Most of the materials tested show low efficiency in adsorption of NH4+, as the removal rates with wheat bran, wheat husk, sugar beet pulp and bark were only 6.7%. Moreover, removal rates using compost and banana peel were negative because these biomaterials release nitrogen which combines with protons present in solution to form ammonium. However, the removal using PPP was 36.7% effective, leading us to focus on this potential bio-adsorbent (Table 1).

Table 1 Removal rates of NH4+ removal by the materials tested

Characterization results

  1. a.

    Zeta potential

The surface properties of PPP were investigated by zeta potential measurements, as illustrated in Fig. 2a, b; PPP surface groups are negatively charged in the studied range of pH and solution concentrations.

Fig. 2
figure 2

a Zeta potential of PPP as a function of pH in [10 mmol/L] of NH4Cl solution, b zeta potential of PPP as a function of NH4Cl concentration (mmol/L)
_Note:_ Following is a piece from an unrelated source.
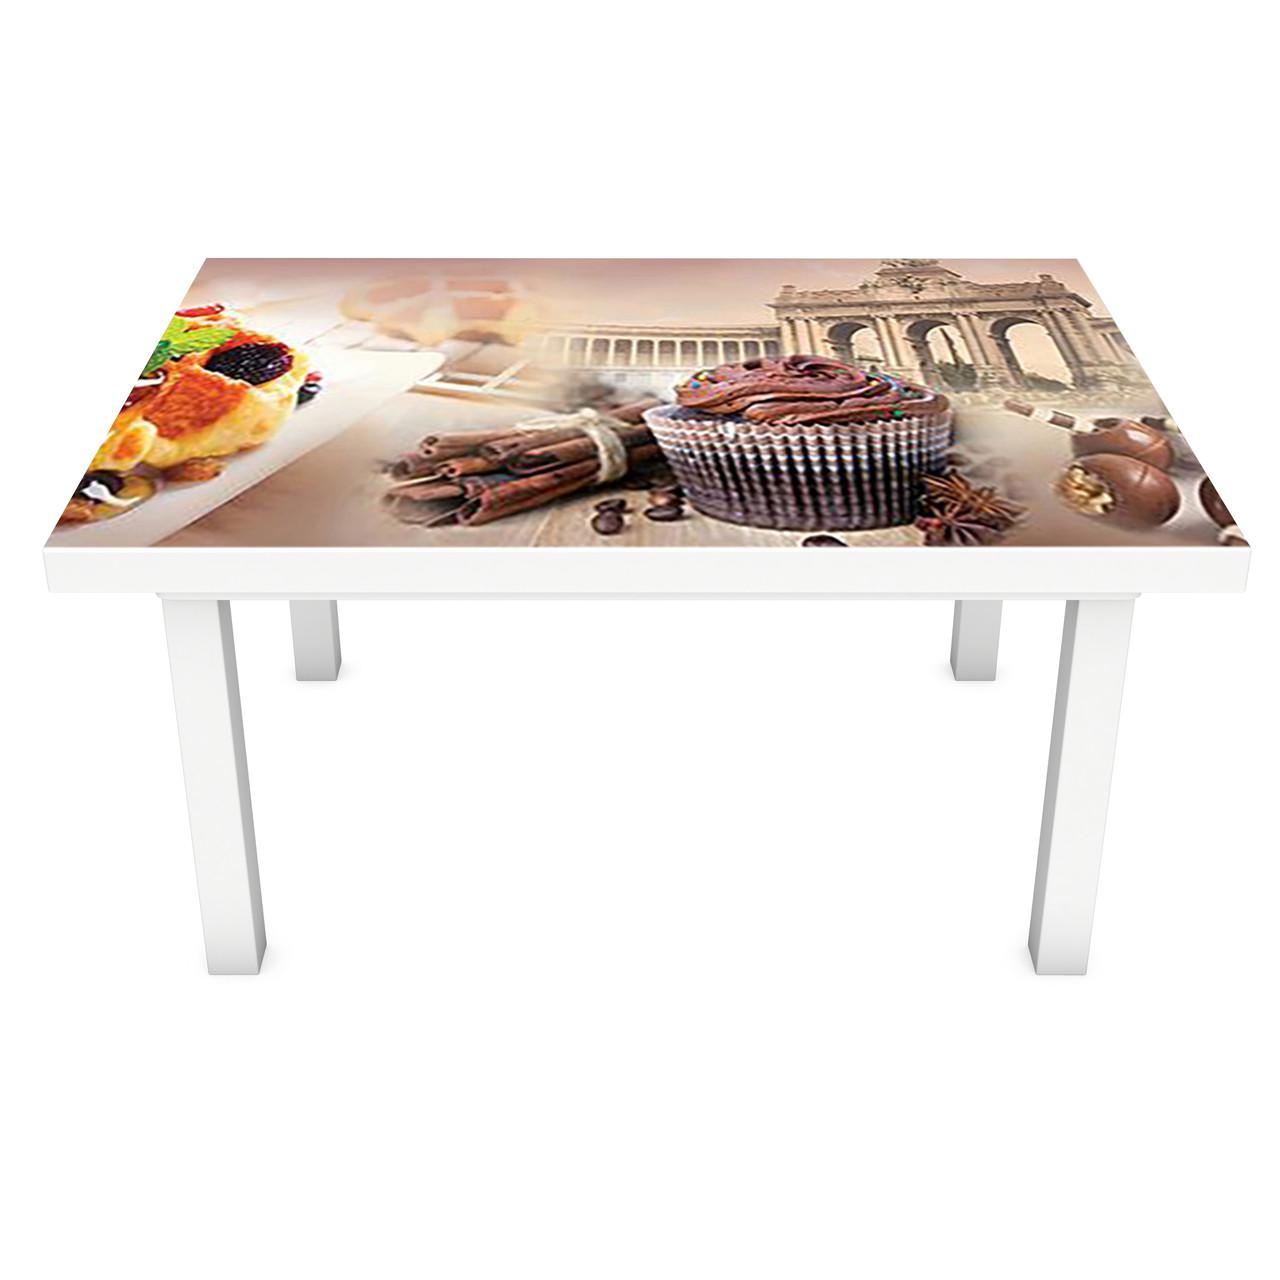 Виниловая наклейка на стол Классические Сладости интерьерная ПВХ пленка для мебели город шоколад фрукты
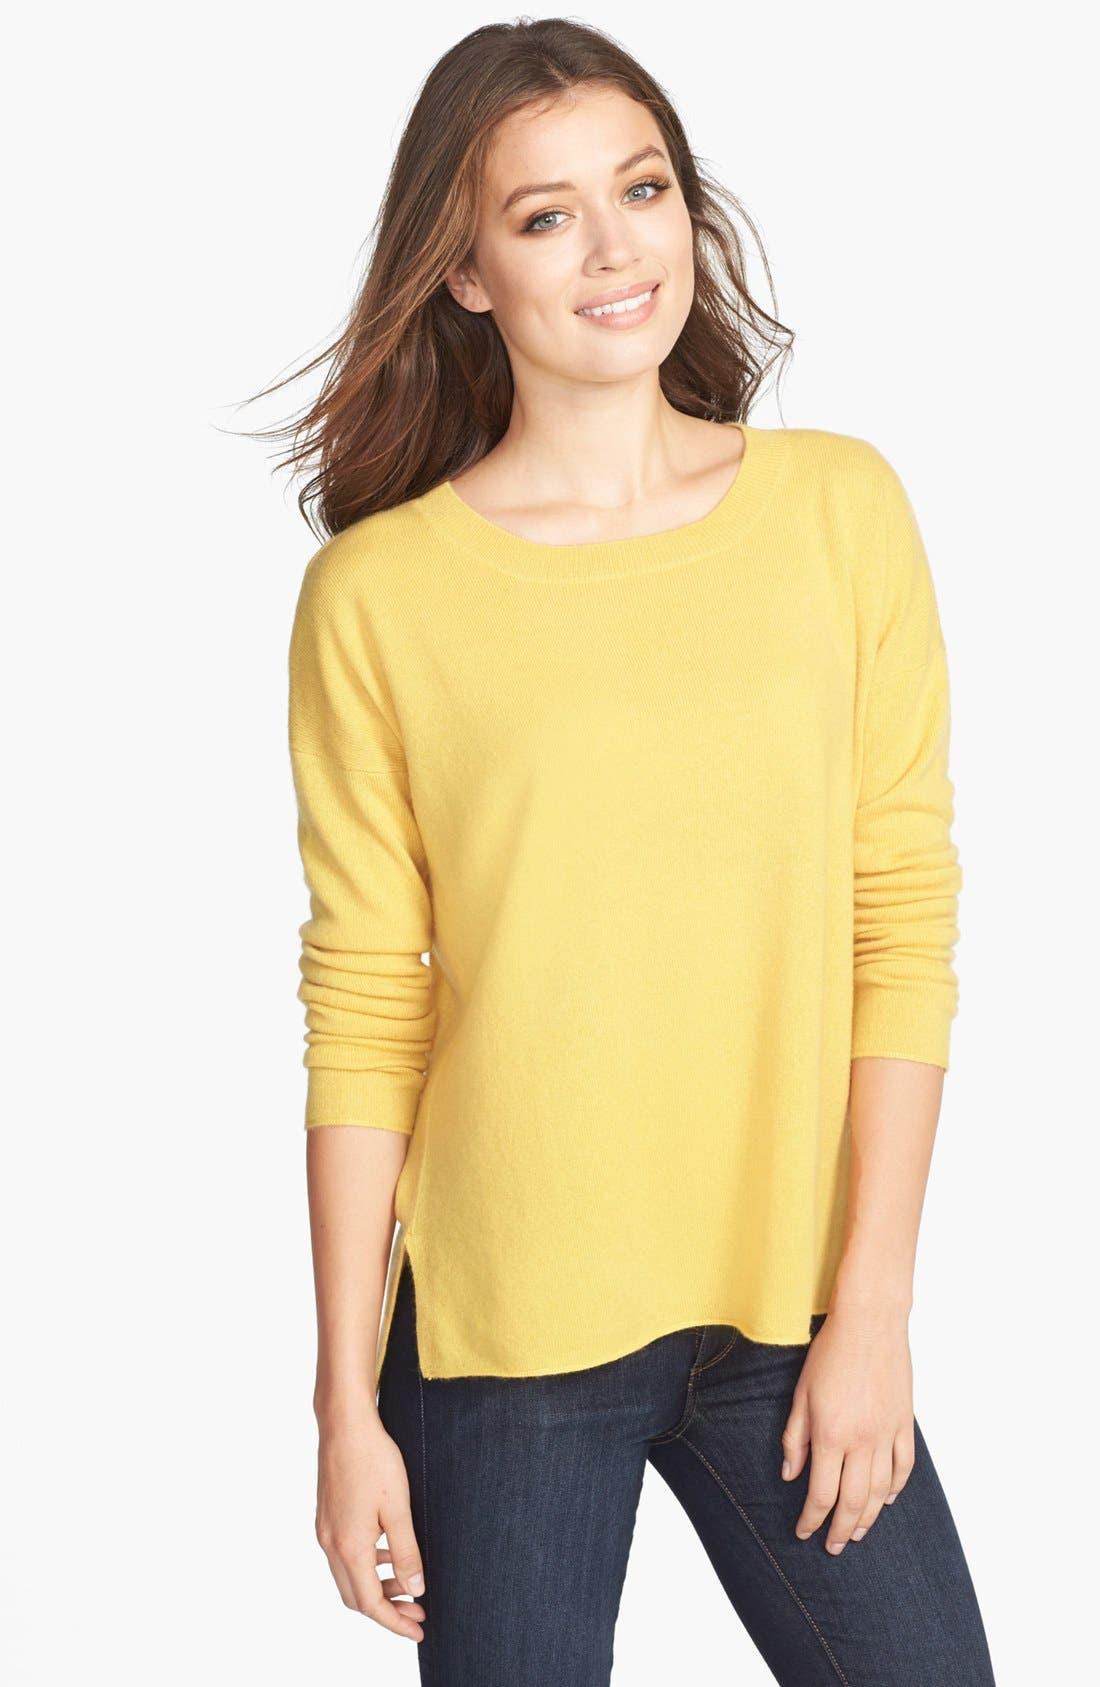 Alternate Image 1 Selected - Pure Amici Cashmere Crewneck Sweater

The value of zeta potential decreases with the increase in pH resulting in a higher negative charge on the PPP surface (Fig. 2a). The negatively charged surface contributes to the ability of functional groups to adsorb positively charged ions since it represents the driving force for electrostatic interaction with NH4+ (Cui et al. 2016). In addition, Fig. 2b shows that zeta potential increases with increasing NH4Cl concentration due to the charge screening of electrolytes and the saturation of available negatively charged surface sites (López-Ramón et al. 2003).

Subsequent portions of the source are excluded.